As a home seller, contingencies in real estate introduce a frustrating level of uncertainty and risk into your transaction. Each clause is a potential exit for your buyer, which can lead to stressful delays, last-minute renegotiations, or the entire sale falling through.
Having a deal collapse forces you to relist your home, losing valuable time and market momentum. In this post, we take a closer look at what contingencies are standard and which ones to challenge (and when).
What contingencies in real estate impact sellers?
A real estate contingency is a clause in a purchase agreement that specifies a condition that must be met for the contract to remain in force. For buyers, these clauses act as a safety net, allowing them to back out of a deal without penalty if issues like a low appraisal, failed financing, or major inspection problems arise.
As a seller, you should anticipate these common requests and be prepared to negotiate their specific terms.

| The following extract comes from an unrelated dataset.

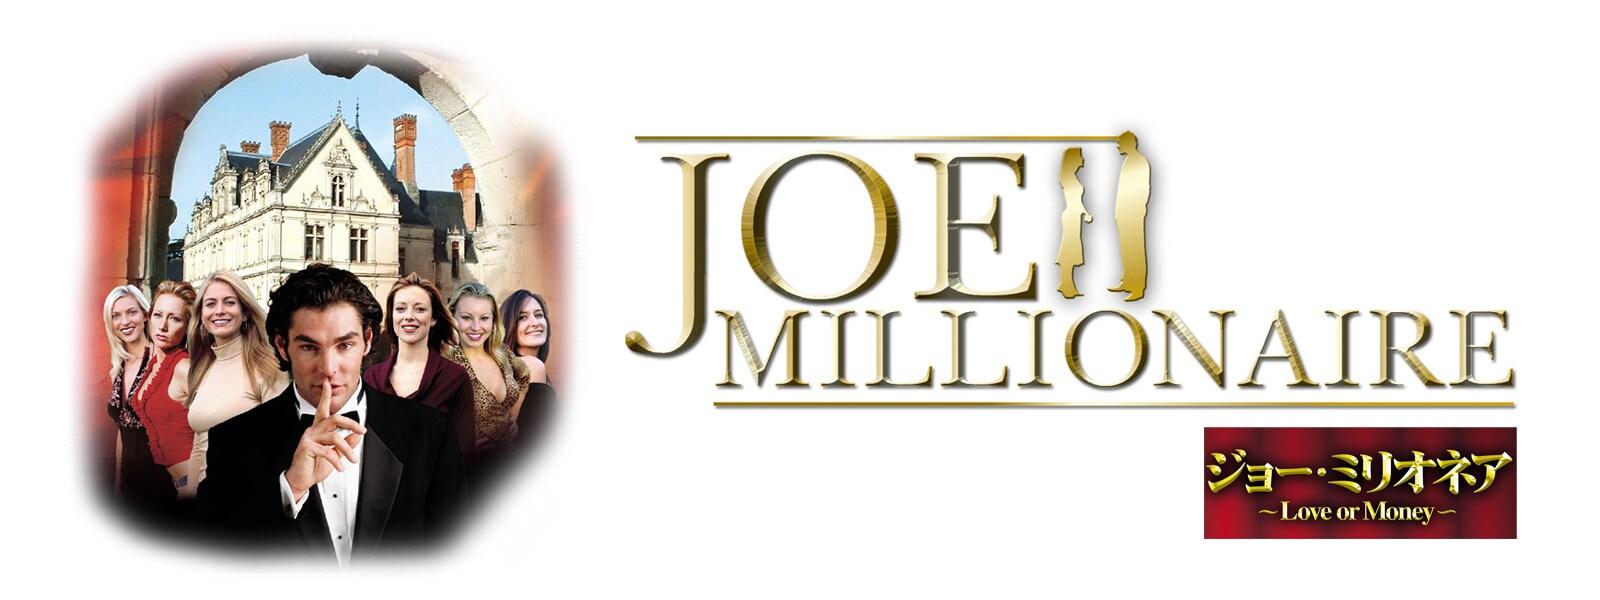 ジョー・ミリオネア 〜Love or Money〜|Joe Millionaire Hero Object

Let’s take a look at the five most common contingencies in real estate that impact home sellers.
Inspection contingency
The inspection contingency allows the buyer a set period to have the home professionally inspected. Based on the inspector’s report, the buyer can request repairs, ask for credits, or terminate the contract if significant issues are discovered. This is one of the most common and often heavily negotiated contingencies.
Appraisal contingency
An appraisal contingency protects the buyer if the home’s appraised value comes in lower than the agreed-upon sale price. Since a lender won’t finance a home for more than it is worth, this clause gives the buyer the ability to renegotiate the price or walk away if an “appraisal gap” exists.
Financing contingency
This contingency, also known as a mortgage contingency, gives the buyer an out if they are unable to secure a mortgage to purchase the home. Even with pre-approval, a buyer’s loan can be denied for various reasons. This is a standard clause that protects the buyer’s earnest money if their financing falls through.
Home sale contingency
A home sale contingency makes the purchase of your home dependent on the buyer successfully selling their own property. This is a particularly risky clause for sellers, as it ties your transaction to the success of another sale over which you have no control.
Title contingency
The title contingency is a standard clause that ensures the property title is free of liens or ownership disputes before the sale is finalized. A title search confirms you have the legal right to sell the property, protecting the buyer from future legal challenges. This is generally non-negotiable protection for all parties.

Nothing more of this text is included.